Friday Flash: The Moonshot

It’s 6:05 a.m. – still dark – and I’m on a flight to Phoenix for a 2-hour meeting with a client.

In other words, not a great time for expansive thinking.

But I wanted to quickly take note of something I think is significant.

Last week, Keller Williams announced that it was becoming a technology company.

I have heard real estate franchisors describe themselves as “marketing companies” or “training companies” (this was KW’s mantra for years, in fact), but “technology company” is a new one.

What does it mean?

Well, at this point, it means this:

Keller Williams announced something called Keller Cloud last week at the company’s annual Family Reunion event. Keller Cloud is billed as “… the key to simplifying an agent’s life. It is the unified platform where agents will log in to both learn and earn.”

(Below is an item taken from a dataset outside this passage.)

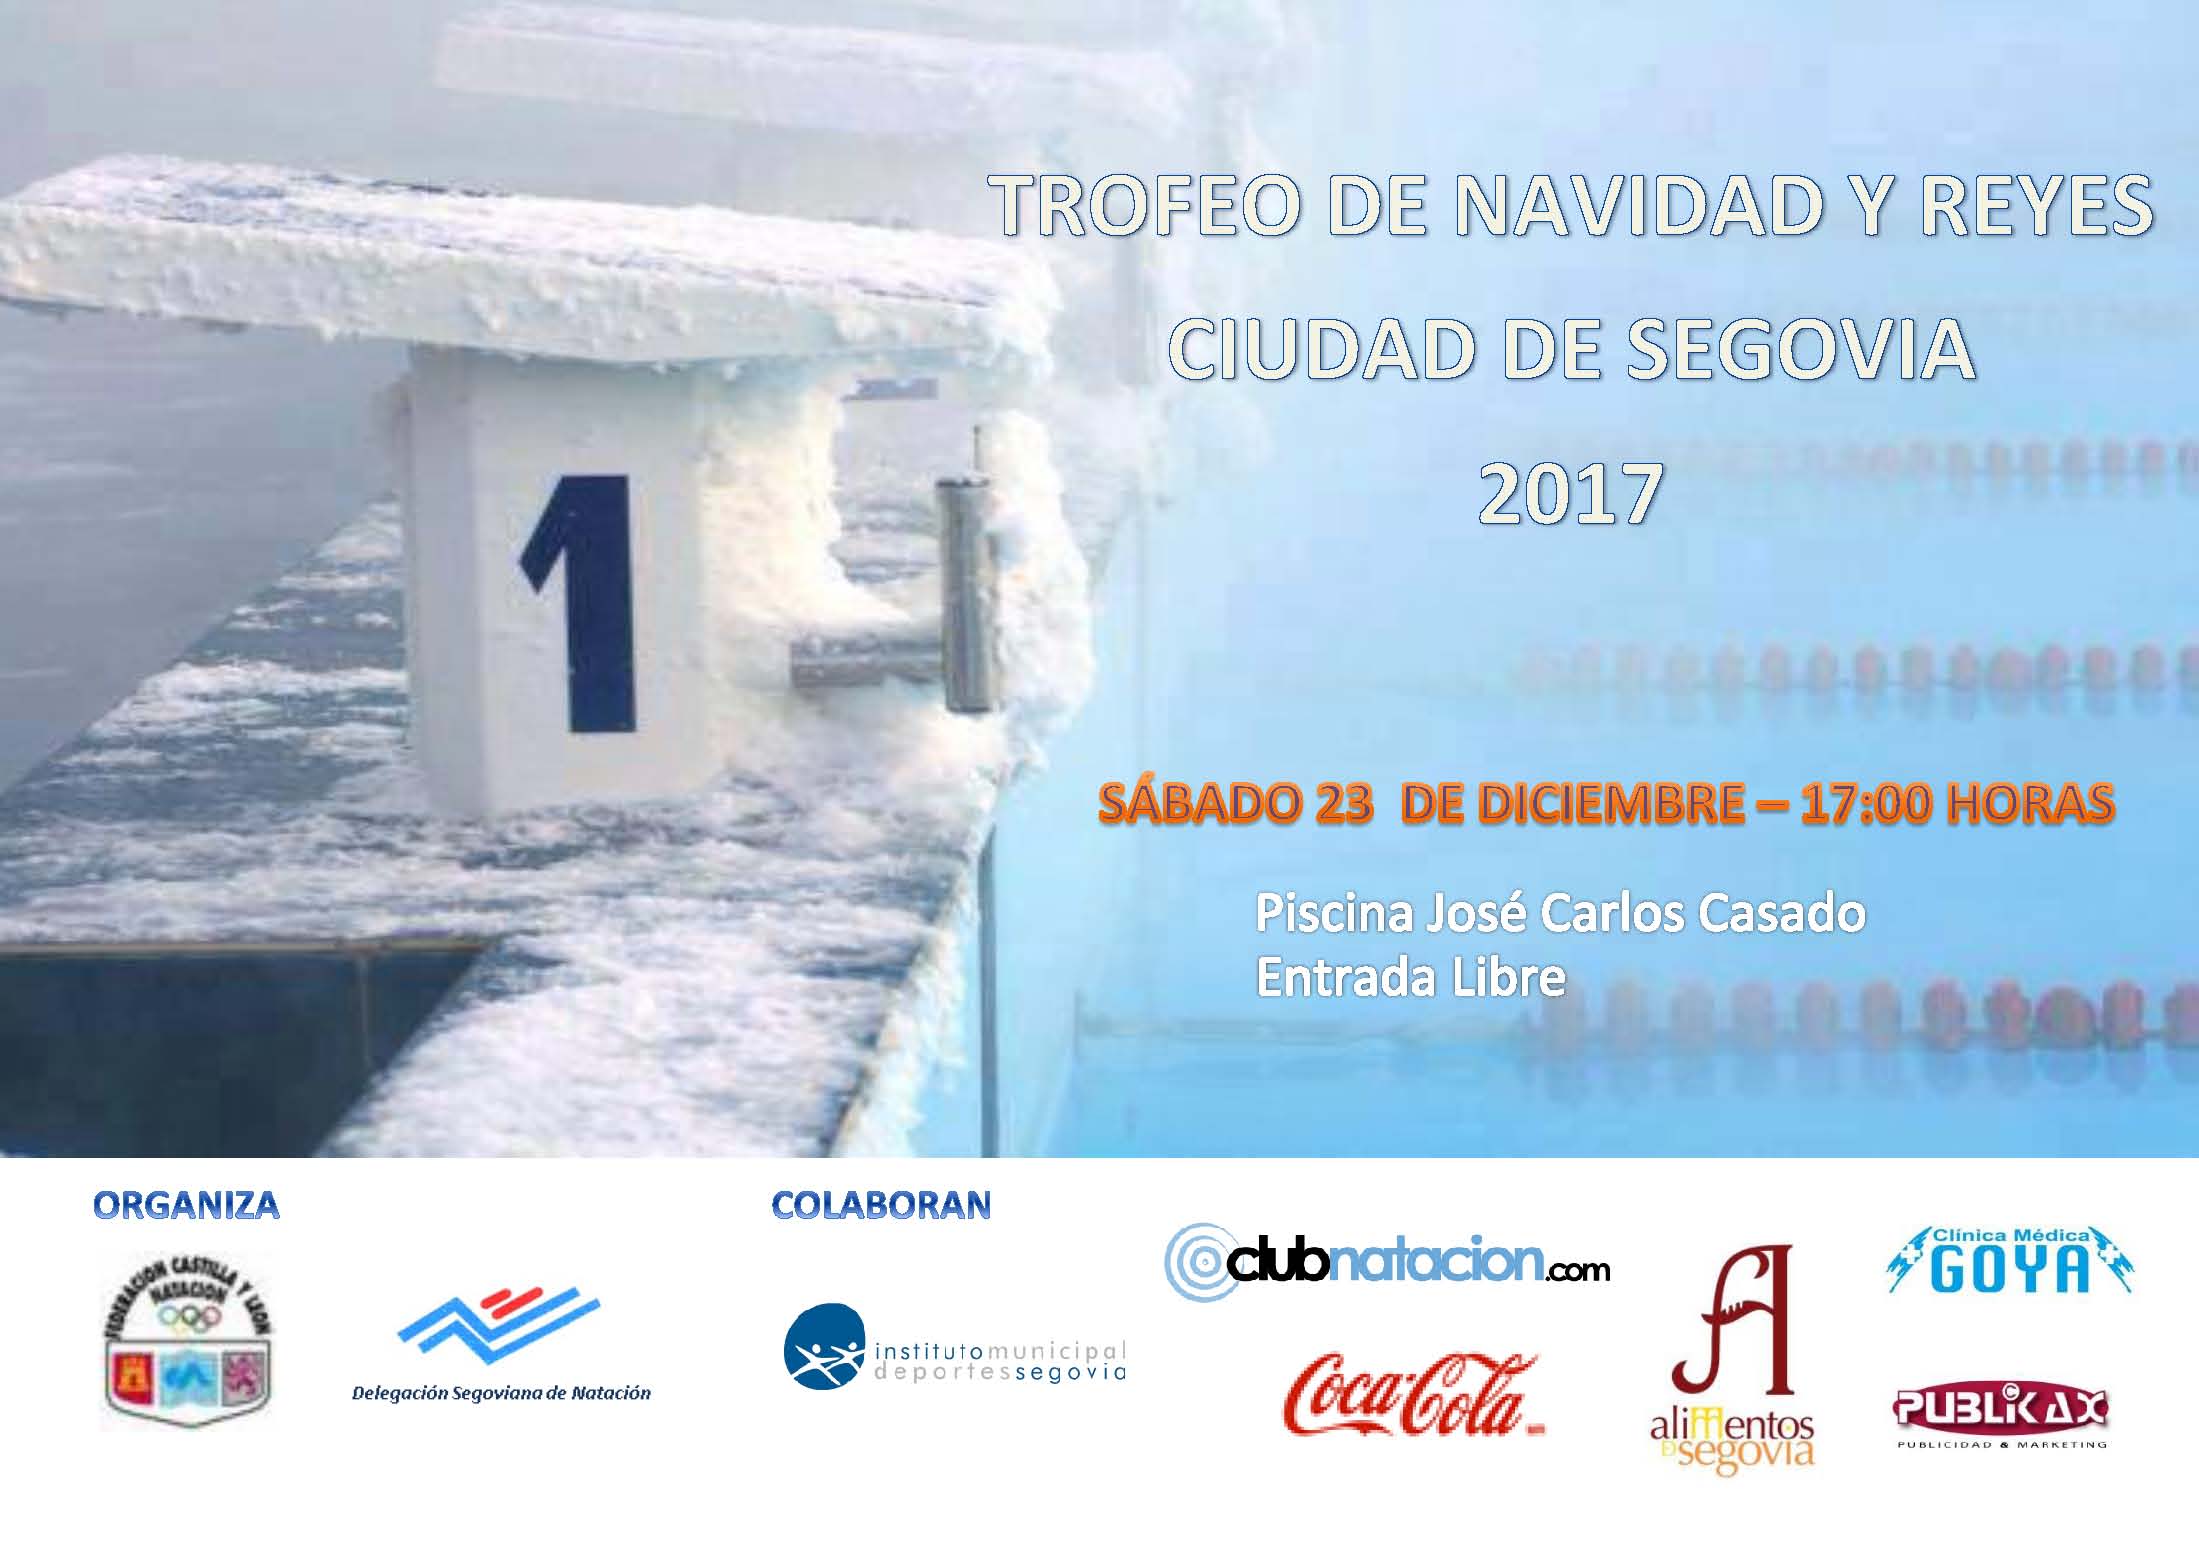 Trofeo de Natación de Navidad-Reyes “Ciudad de Segovia”

You might recall that KW released something that sounded very similar – eEdge – just six years ago. You get the feeling that didn’t play out as well as planned. But while eEdge was an unevenly-cooked casserole of real estate tech with ingredients such as MarketLeader, Keller Cloud is proprietary. KW owns the vision and the code.

Ergo, “technology company.”

This is a big deal, and the announcement has a moonshot quality to it. Last week, two new KW executives, Chief Innovation Officer Josh Team and Chief Product and Strategy Officer Jonathan Berkowitz – people with impressive non-real estate pedigrees – described some of Keller Cloud’s components:

KW Command, a data-fueled dashboard that “knows your (the agent’s) goals, knows your market, collects data on your customers and helps run every aspect of your business from one location.” KW Command will also include a custom integration with the Facebook ad platform that promises to “provide agents with the simplest and most effective toolset to create and place ads on Facebook.” (side note: this comes on the heels of Zillow’s deal with Facebook; it will be interesting to see how FB ad cost and ROI is impacted with the impending surge of agent activity here).

KW Connect, an expanded community and training center that will become “deeply integrated” with the Keller Cloud.

Kelle, a Siri or Alexa-style AI assistant that will enable agents to interact with the Keller Cloud via voice. Think “Kelle, text me the contacts I need to follow up with today”, etc.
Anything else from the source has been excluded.